What you should do:
Your answer should hold exactly the lines below from the line with "Doc d txt. Значки" through the line with "How to Draw", both included, and no pictures at all.

Records for the task:
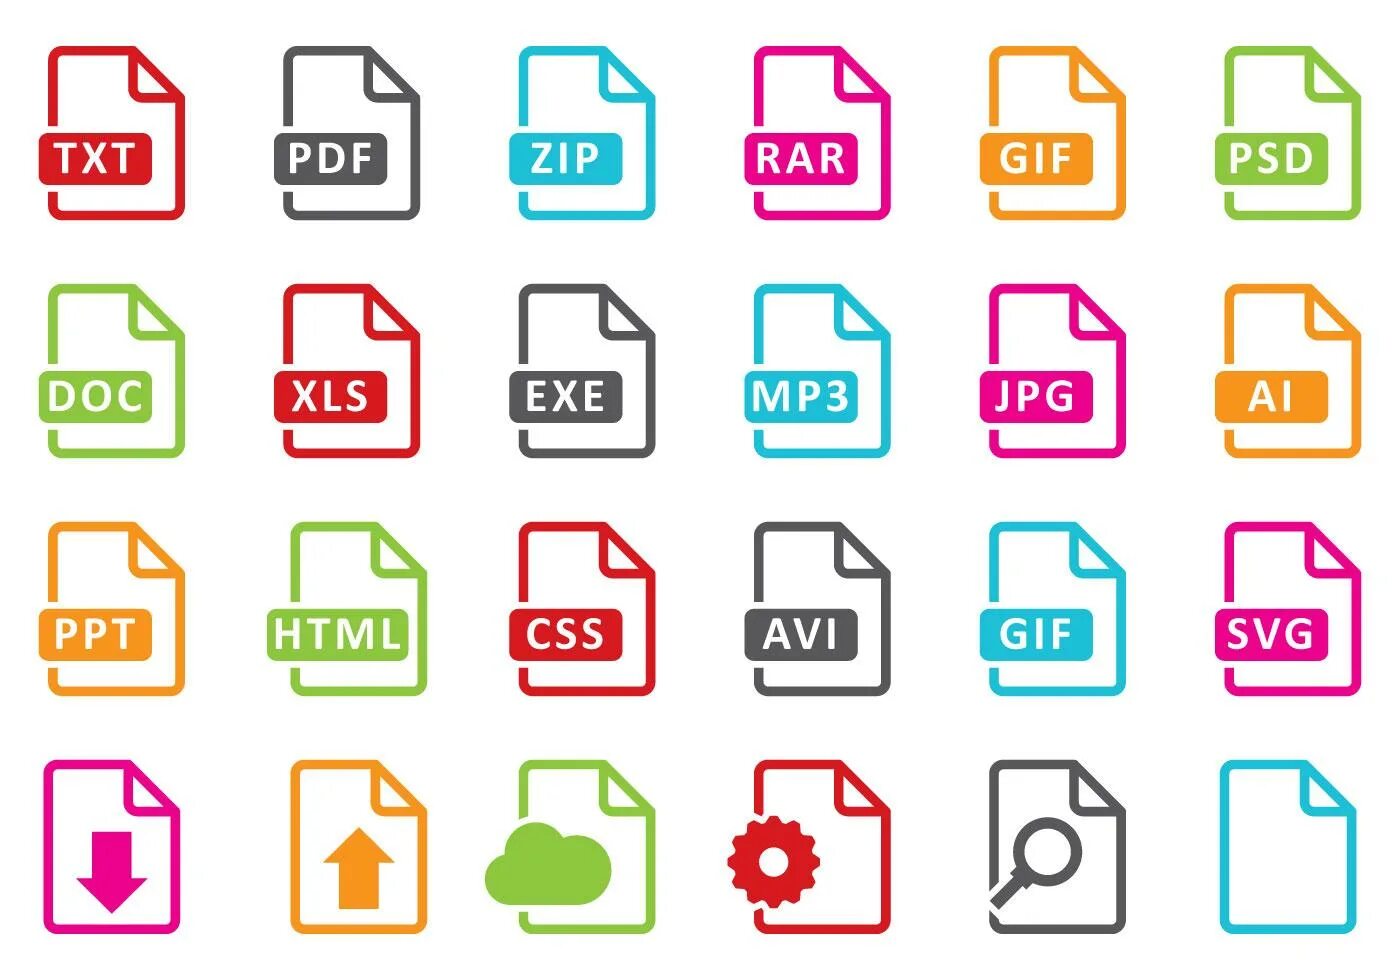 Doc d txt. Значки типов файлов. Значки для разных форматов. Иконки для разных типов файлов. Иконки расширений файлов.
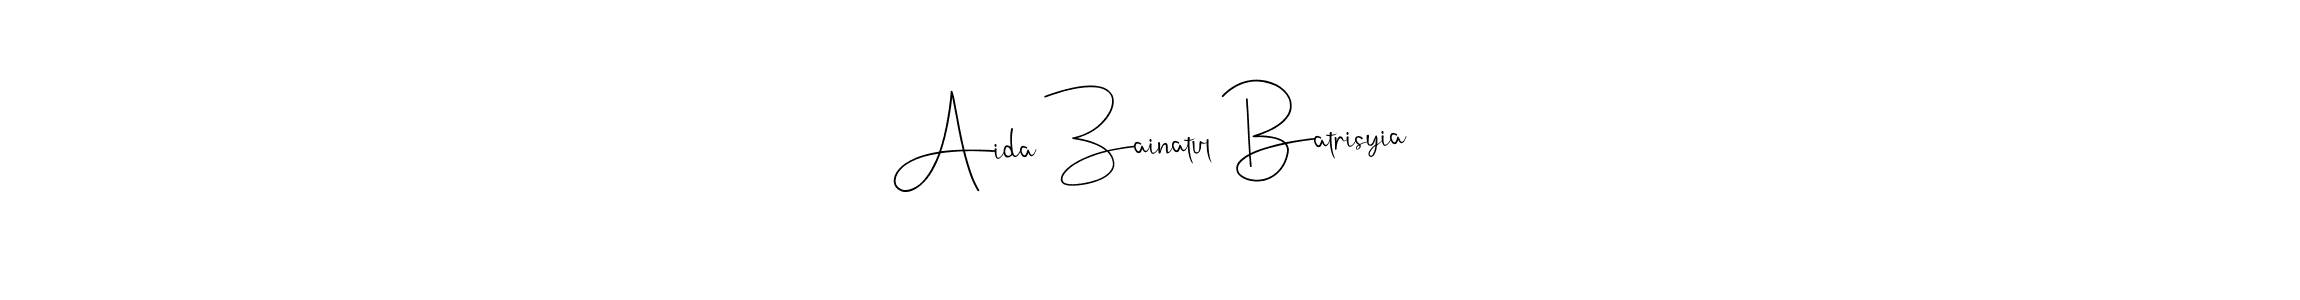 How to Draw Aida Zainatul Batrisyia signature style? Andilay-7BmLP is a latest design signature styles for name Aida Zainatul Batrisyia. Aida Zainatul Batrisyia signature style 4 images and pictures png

--

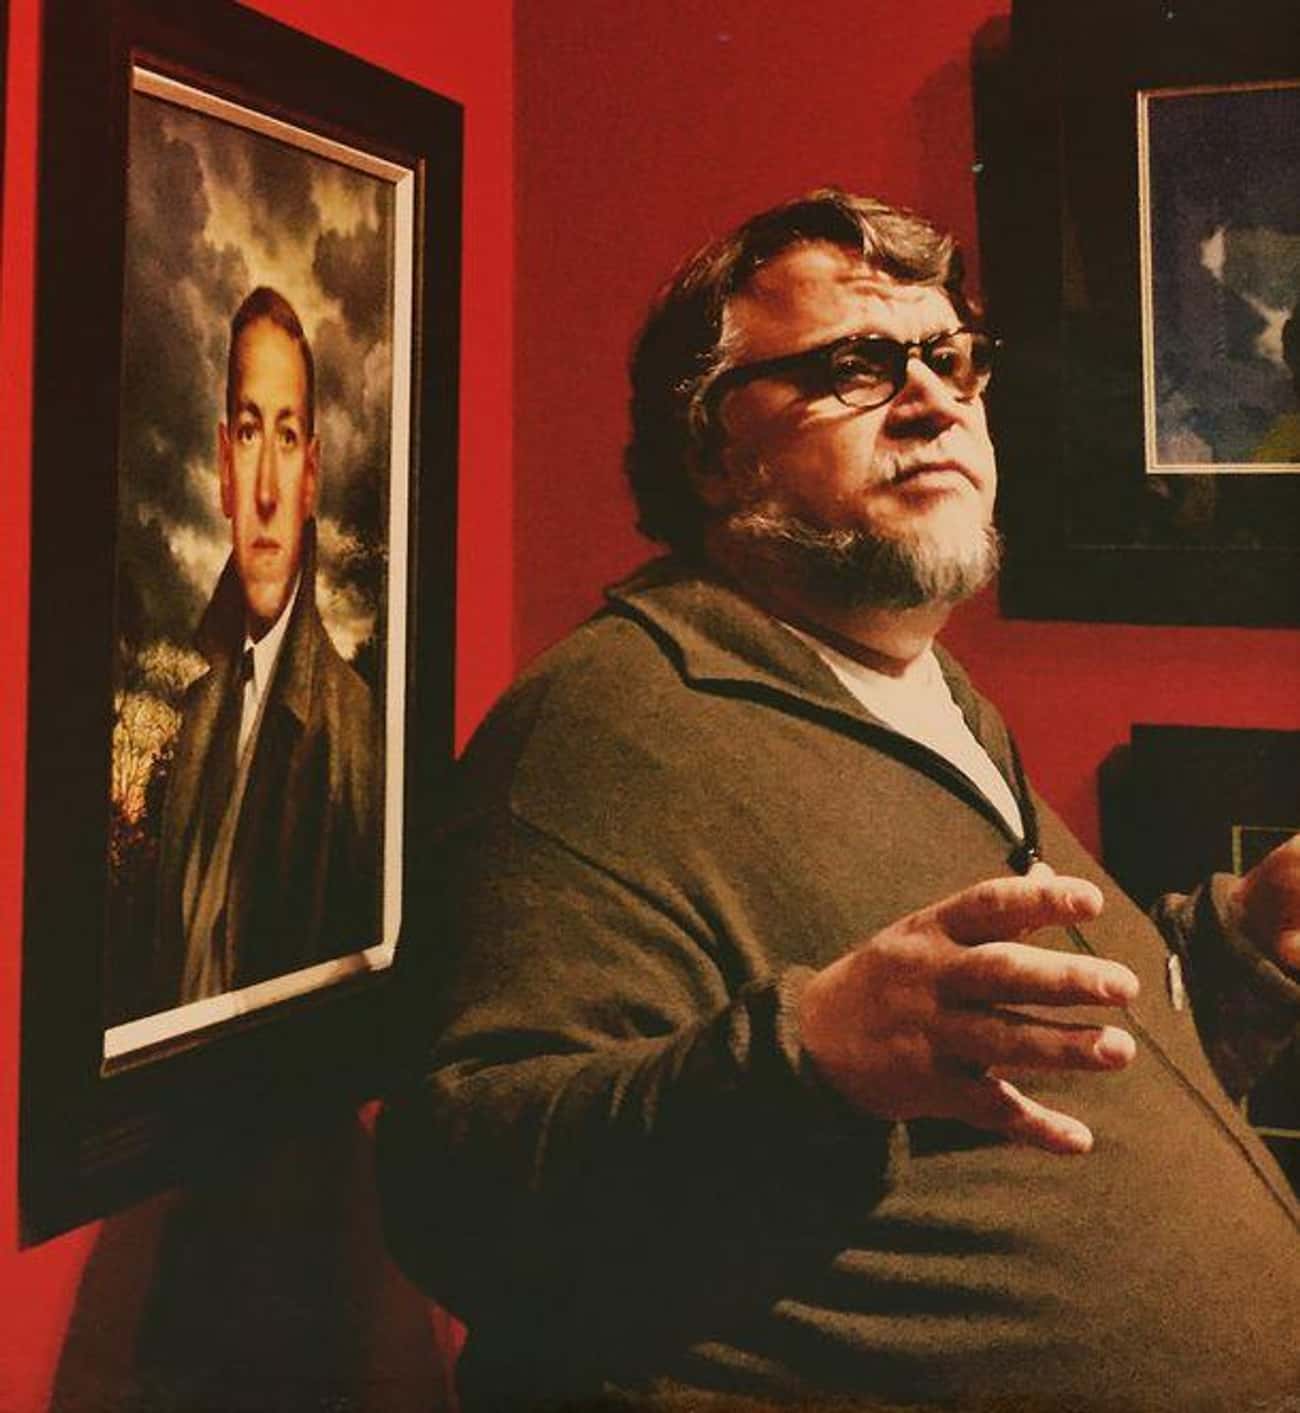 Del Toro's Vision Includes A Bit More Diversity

--

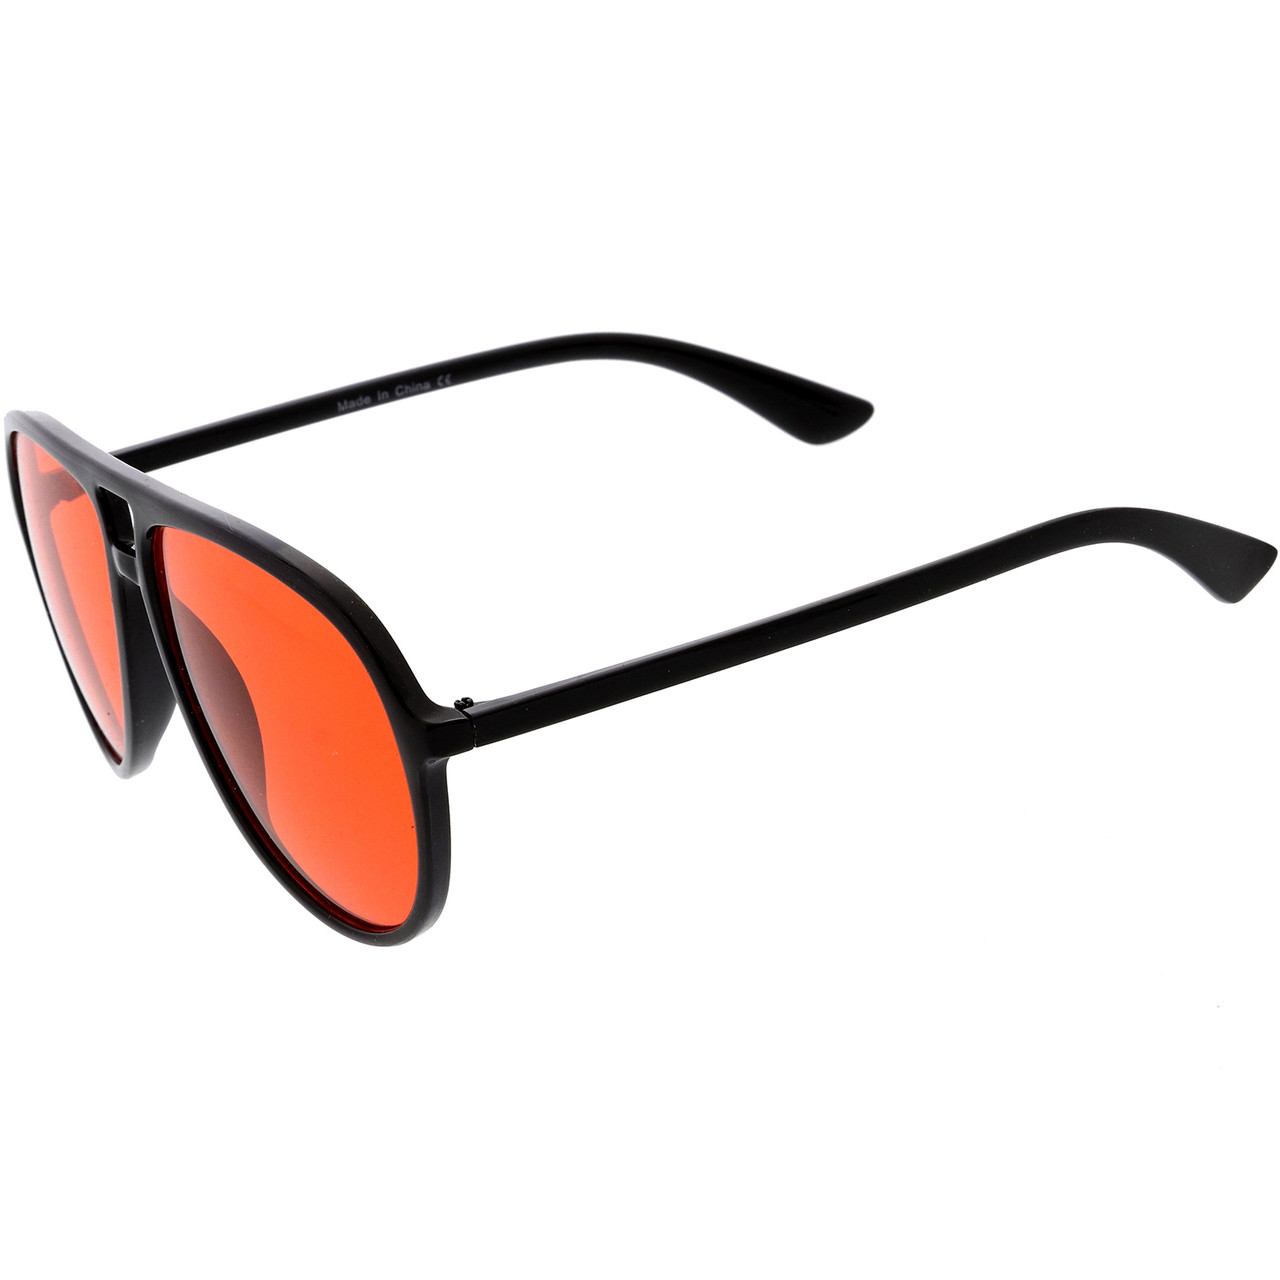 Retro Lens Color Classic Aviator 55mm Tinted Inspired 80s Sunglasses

Exercise response:
 Doc d txt. Значки типов файлов. Значки для разных форматов. Иконки для разных типов файлов. Иконки расширений файлов.
 How to Draw Aida Zainatul Batrisyia signature style? Andilay-7BmLP is a latest design signature styles for name Aida Zainatul Batrisyia. Aida Zainatul Batrisyia signature style 4 images and pictures png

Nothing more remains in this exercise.